What do you think the result of that has been and, as a child protection doctor, why are you condoning such actions?

(1)http://www.politics.co.uk/news/children-and-family/more-damning- criticism-of-nhs-over-baby-p-$1295236.htm

(2)http://www.bailii.org/cgi- bin/markup.cgi?doc=/ew/cases/EWHC/Admin/2009/1155.html&query=david+and+southall&method=boolean

Competing interests: Campaigner against false allegations

The High Court judgement 2 June 2009
Previous Rapid Response  Top
david bell,
academic
ng7 2rd

Send response to journal:
Re: The High Court judgement

According to Dr Wheatley, Justice Blake’s judgement is a “national disgrace”, and Blake has upheld the “GMC’s perverse decision ”. It is worth examining the arguments put forward by Dr Wheatley to see if they support these rather startling comments about a High Court judgement.

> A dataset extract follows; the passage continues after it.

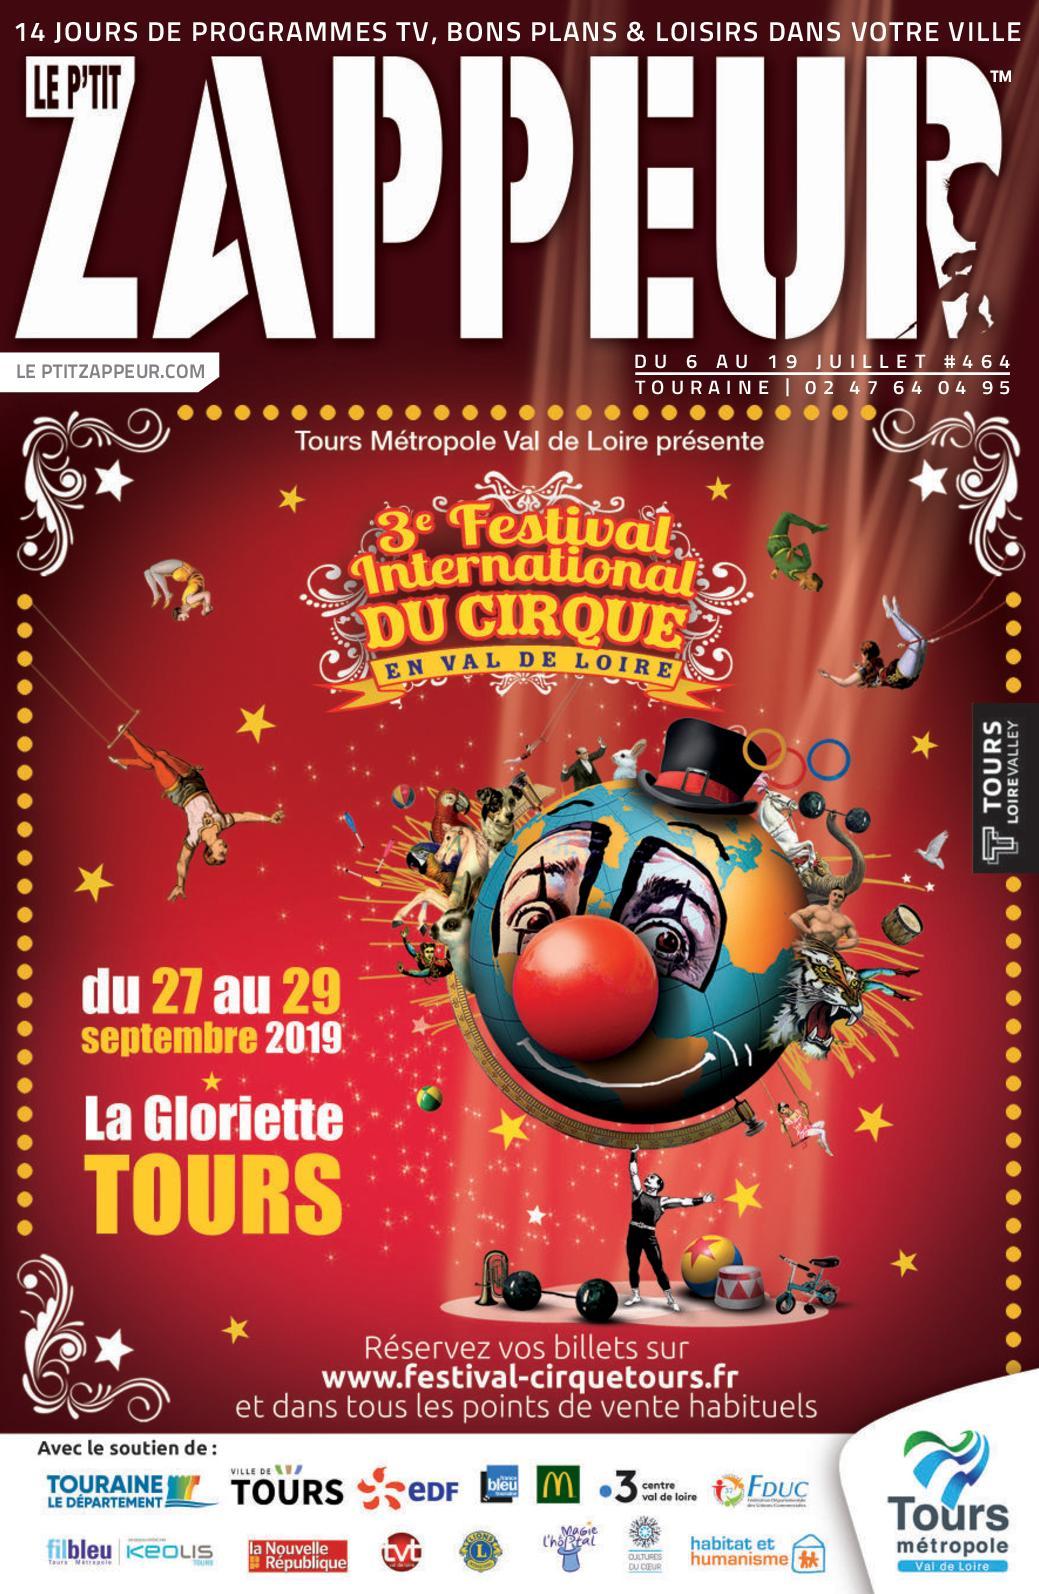 Calaméo Le Ptit Zappeur Tours 464
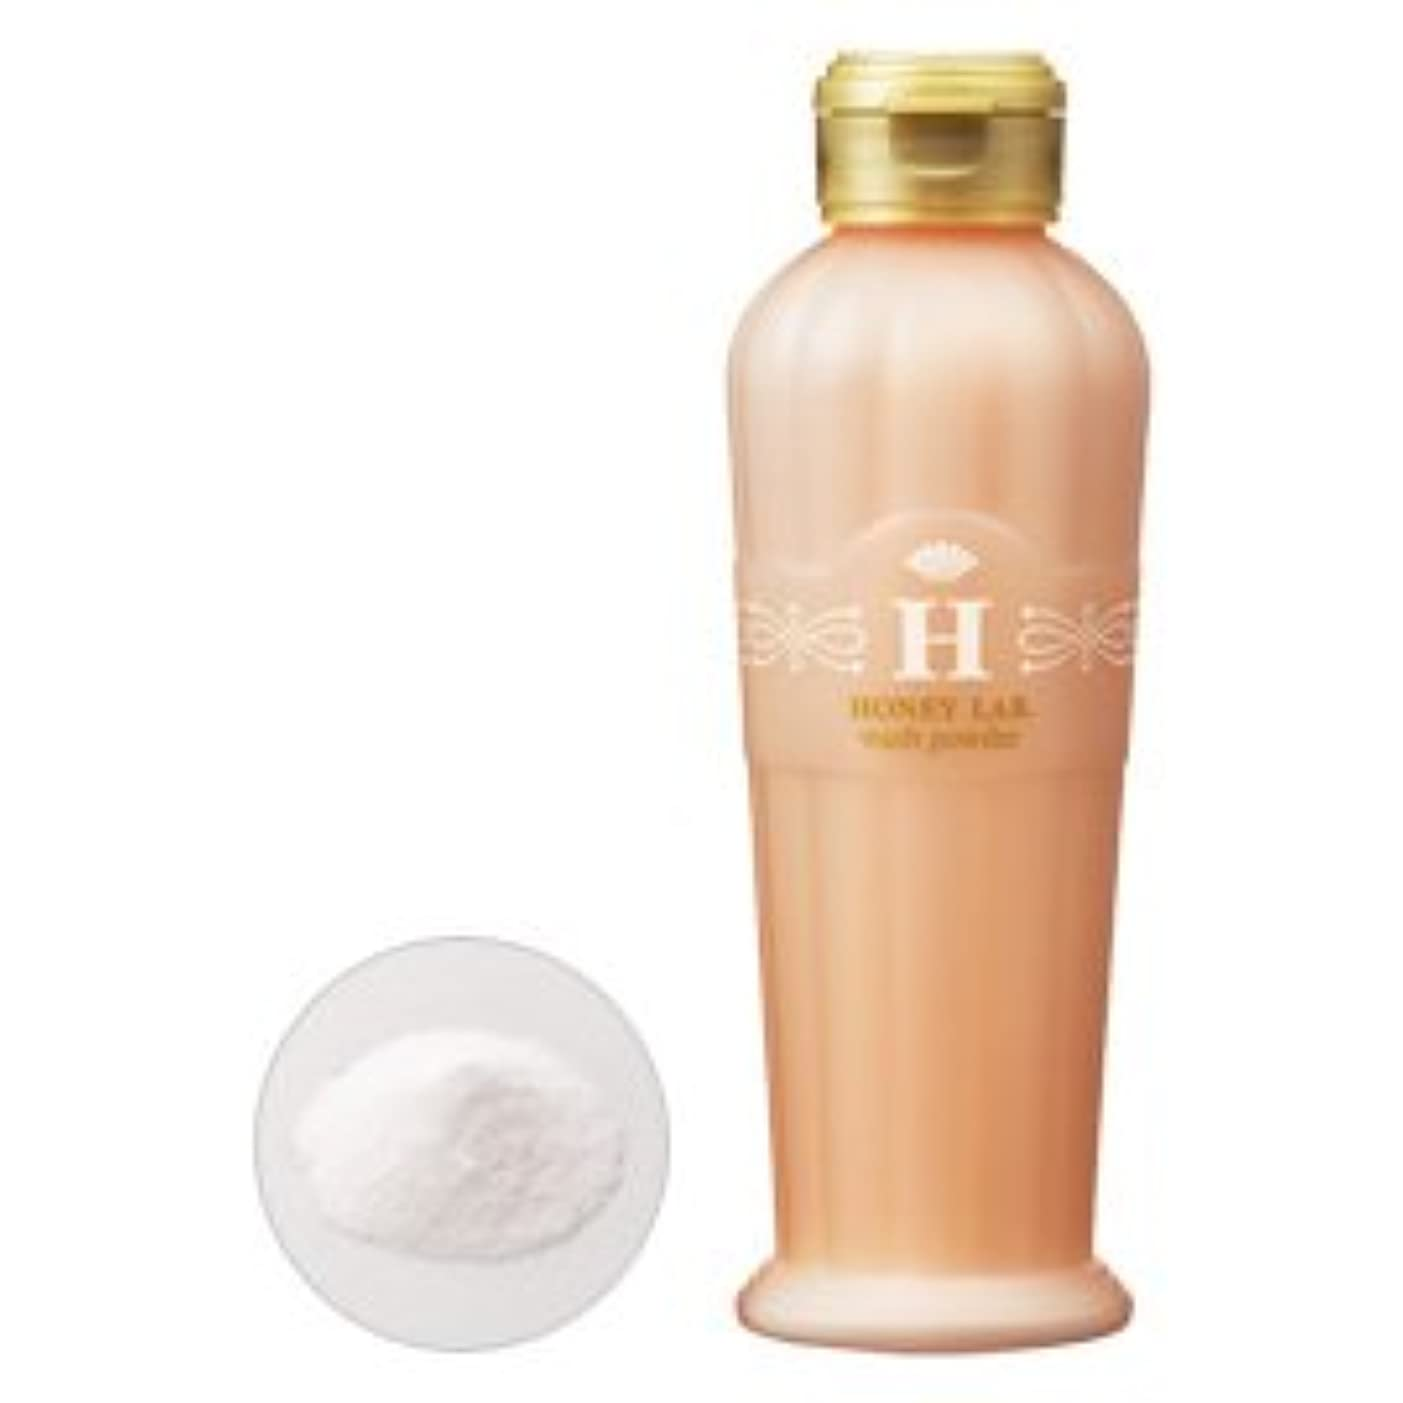 穴テクスチャーサイトラインハニーラボ 洗顔パウダー 粉末状洗顔料 60g/Honey lab Face Wash Powder <60g>

The first argument seems to be that paediatricians are at risk from this judgement in their daily job; however, I can see no foundation for this argument in the judgement. In this case, Dr Southall was instructed to make an expert assessment of child M2, pursuant to the judgement of HHJ Tonkins. In fact, Dr Southall investigated the death of a different child, M1, whose death had already been thoroughly investigated; he did not have access to all the relevant information, he speculated in areas outside his competence as a paediatrician, he knew the police were re-examining their investigation of M1, but still he interviewed Mrs M about the death of M1- a decision that the Judge described as “surprising”. Justice Blake concluded, “the panel was entitled to conclude that the sensible guidance in [his] letter of instruction had been disregarded by Dr Southall. He was speculating on non-medical matters in an offensive manner entirely inconsistent with the status of independent expert.”

The second argument is that the judgement runs counter to the evidence of Dr Southall and Ms Salem. This argument simply ignores those parts of the judgement which make plain that the written reports of Dr Southall and Ms Salem underpin the charge against Dr Southall (Paras 61- 65). For example, Dr Southall wrote, “Mrs M categorically denied asphyxiating M1 ...”, and the Judge remarked, “Thirdly, a categorical denial of this scenario is highly consistent with an allegation being put that leads to the denial. ... The categorical denial is also consistent with Ms Salem's typed notes of the interview in which she recorded Mrs M saying she would talk about the belt around M1's neck "if it cleared her name" and "as she felt she wanted to prove her innocence". No-one could have challenged her innocence apart from Dr Southall.”

Dr Wheatley has stated that the transcripts exonerate Southall. The GMC and a High Court Judge both found that the transcripts provide evidence, beyond reasonable doubt, that Dr Southall committed serious professional misconduct.